Abstract

Public private partnerships (PPP) have become a popular policy instrument in many Western European countries. Governments assume that the involvement of private actors in the provision of services, or in the realization of policy goals will increase quality and provide better value for money. It is believed that more intense co-production between public and private actors will generate better results. In the literature on PPPs, these benefits are typically referred to as ‘added value’ (Osborne 2000; Ghobadian et al. 2004). According to the literature in this area, the main characteristics of PPP are: 1. Mutual coordination of activities and daily routines: co-ordination is essential for any partnership, including public-private ones.

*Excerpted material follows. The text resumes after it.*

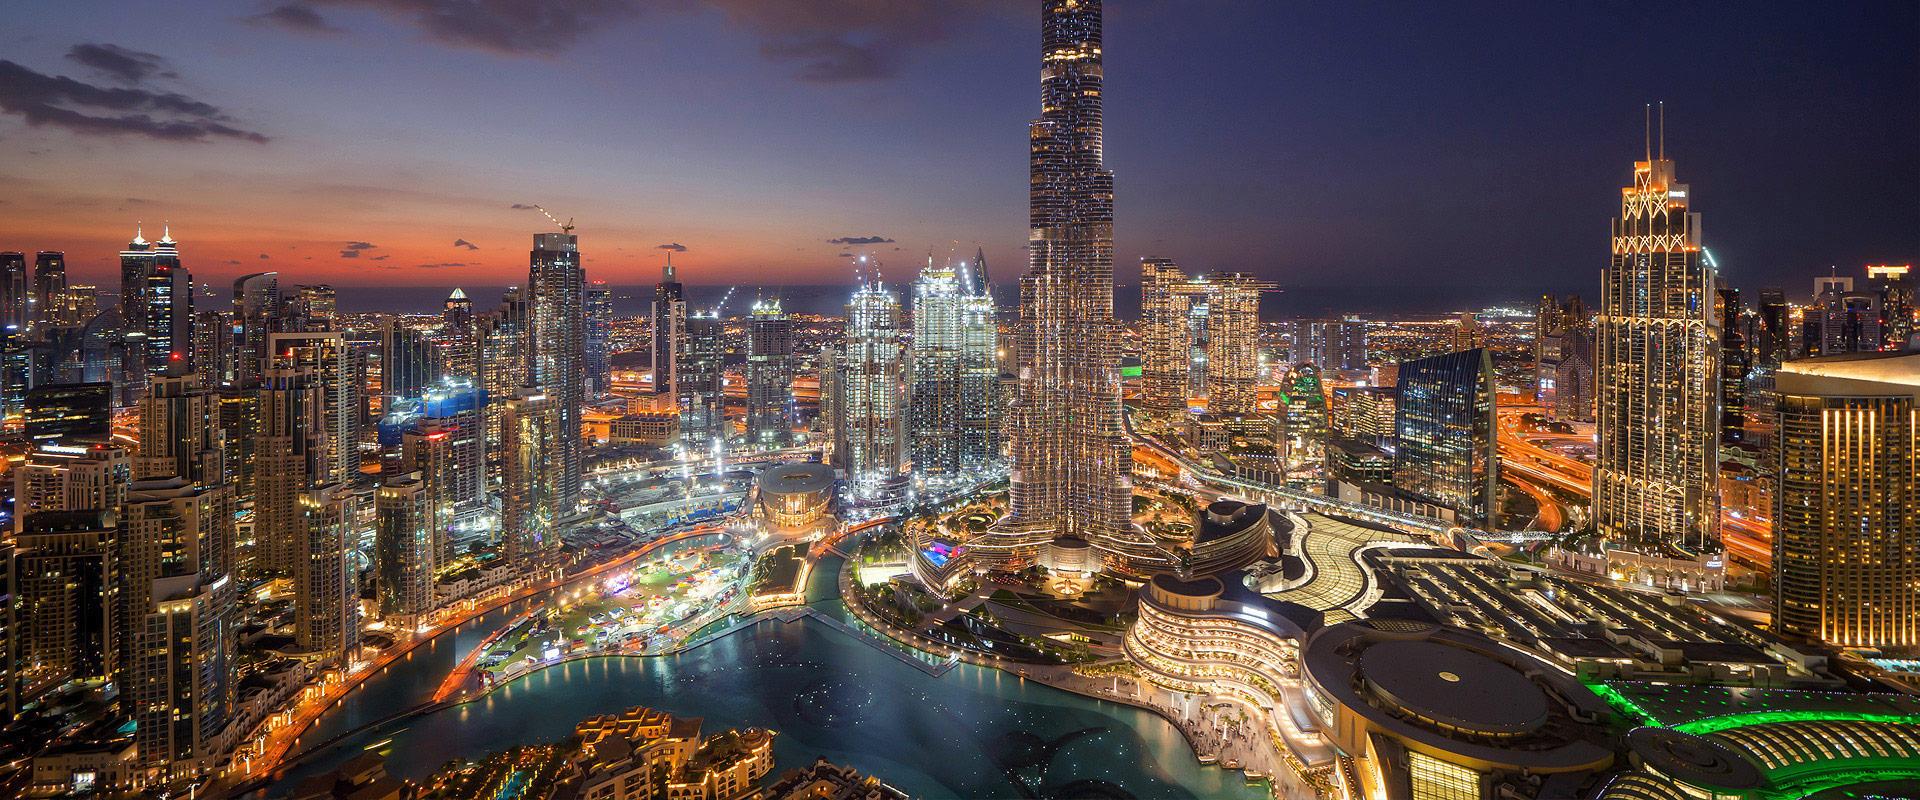 Visa Dubai Online - Contact

The activities of the public and private organizations have to be well coordinated (Mulford and Rogers 1982; Hodge and Greve, 2005) or the desired exchange of information cannot be realized (Savas 2000). 2. A level of shared risk and profit sharing is needed: the co-operation between public and private actors has to result in at least some risk sharing, and if possible, in some level of profit sharing (Huxham and Vangen 2005). Authors point out that profit sharing does not always have to take the form of financial profits. It may be that the private actors have financial profits and the public actors get recognizable societal benefits from the co-operation, for instance a higher quality of service (Audit Commission 2003; Hodge and Greve 2005). 3. A form of organizational arrangement between the partners to enhance the co-operation process (see, for example, Savas 2000; Hodge et al, 2010). Most partnerships are structured around organizational arrangements that are meant to simplify co-ordination and secure the shared risk and profits. These arrangements can take the form of an informal project group, newly established consortiums or other hybrid organizational forms (Waddock 1991; Savas, 2000).